Pyrrolic nitrogen coordinated Ni2+ dual-atom catalyst for boosting CO2 electroreduction

Abstract

Nitrogen-doped carbon materials have been widely used for the constructions of single-atom catalysts, while the effect of different species of doped nitrogen on the catalytic activity of CO₂ electroreduction has rarely been investigated. Here we found that pyrrolic-N coordinated Ni²⁺ catalysts display much higher electrocatalytic CO₂-to-CO activity and selectivity than the corresponding pyridinic-N coordinated low valent Ni⁽⁰⁻⁺²⁾ catalysts, and pyrrolic-N coordinated Ni₂ dual-atoms catalyst of Ni₂/N-CNTs exhibits the best electrocatalytic performance, with over 90% Faradaic efficiencies in a broad potentials from −0.6 to −1.2 V vs. reversible hydrogen electrode, as well as an outstanding CO specific current of 56.2 A/mg_Ni and high turnover frequency of 6.2 × 10⁴ h⁻¹, over 7-times higher than those of pyridinic-N coordinated Ni catalysts.

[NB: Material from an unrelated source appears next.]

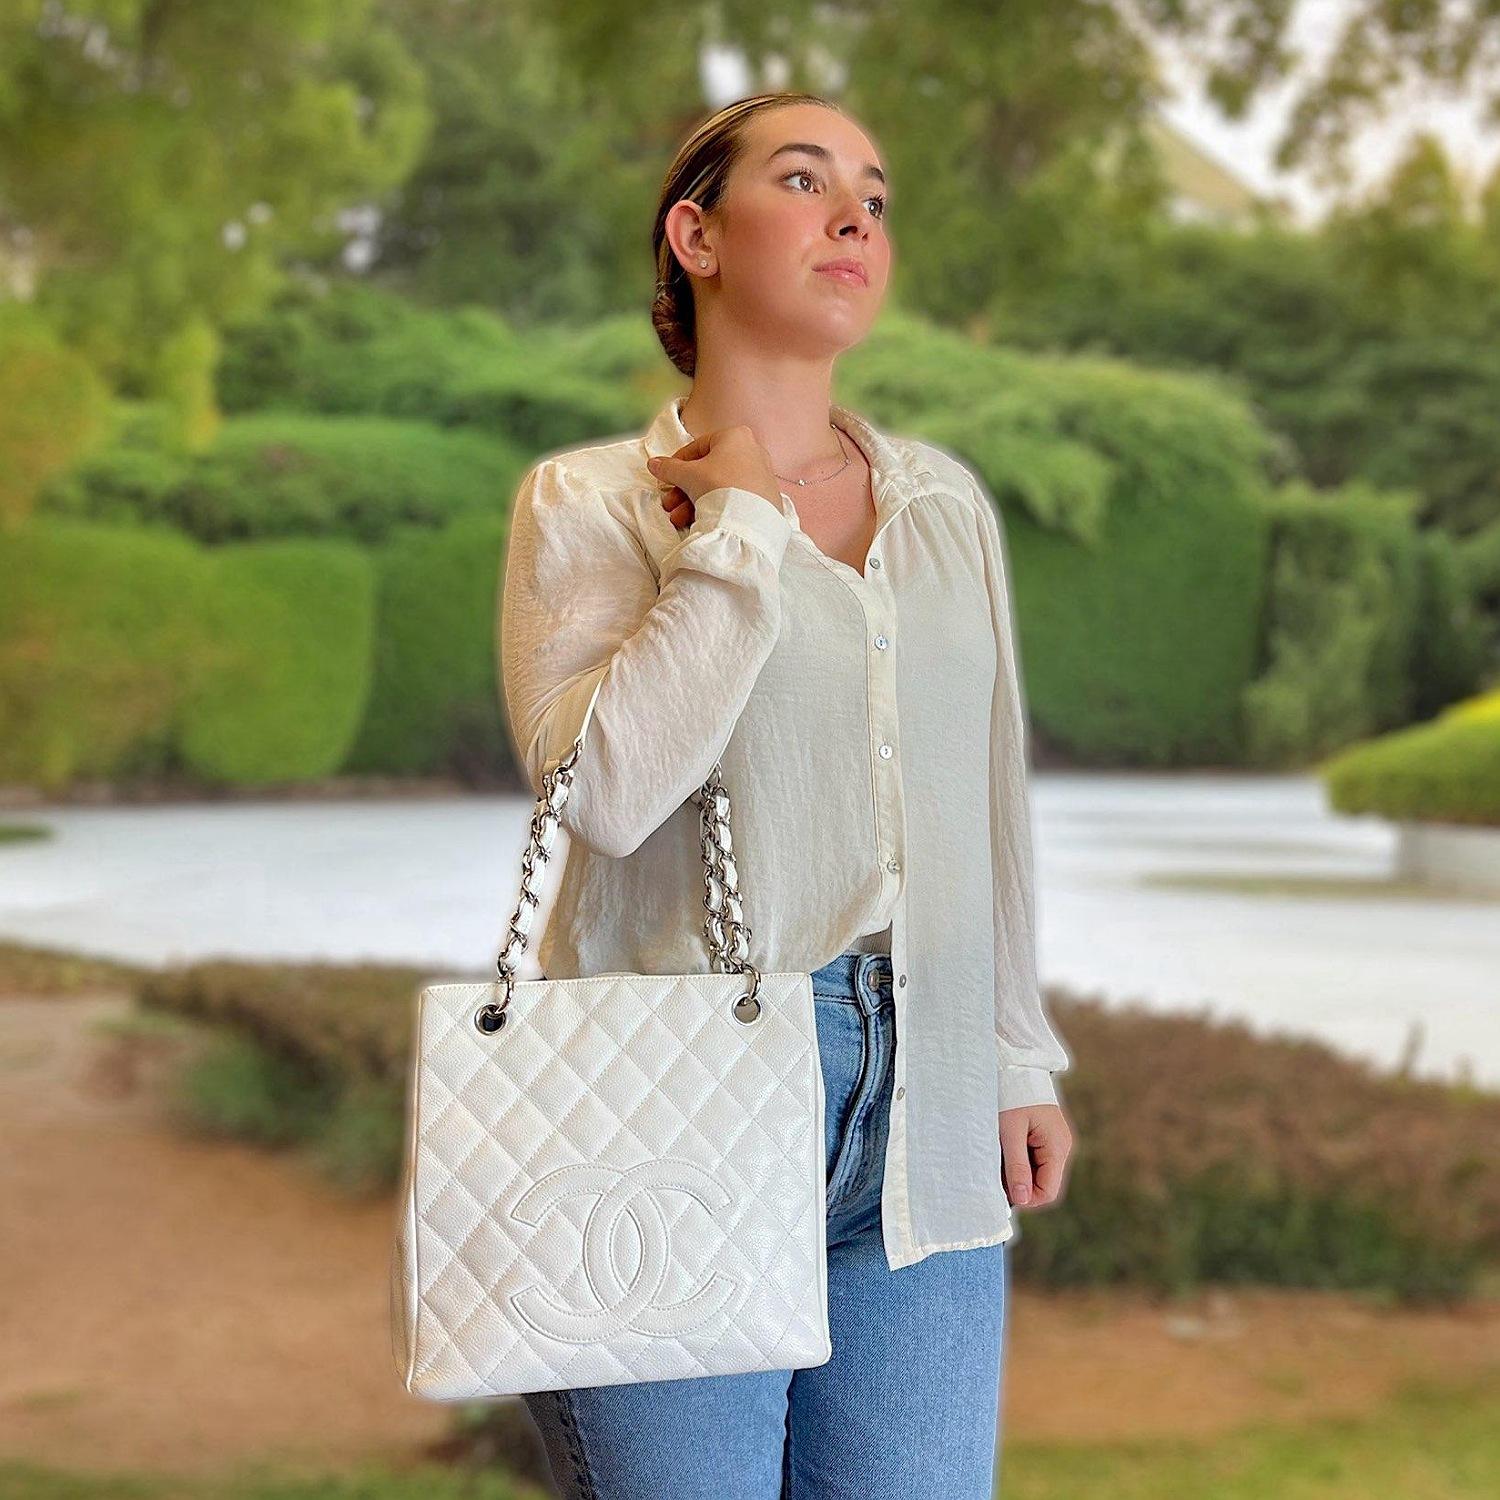 This Chanel Petite Shopping Tote is crafted of white caviar leather and features a variety of pockets for easy and simple organization of your daily necessities. The two handles are made of silver-tone chain with interwoven white leather for a soft

Electrochemical results indicate the weak electron-donor nature of pyrrolic-N facilitates the generation of a reduced active site at low overpotential for boosting CO₂ electroreduction. Density functional theory calculations reveal that the reaction free energy for the *COOH formation on pyrrolic-N coordinated Ni catalysts are lower than those on pyridinic-N coordinated Ni catalysts, and a H₂O-adsorbed Ni₂/N-CNTs displays the optimized reaction free energy for both *COOH formation and CO desorption, which derive the best catalytic performance.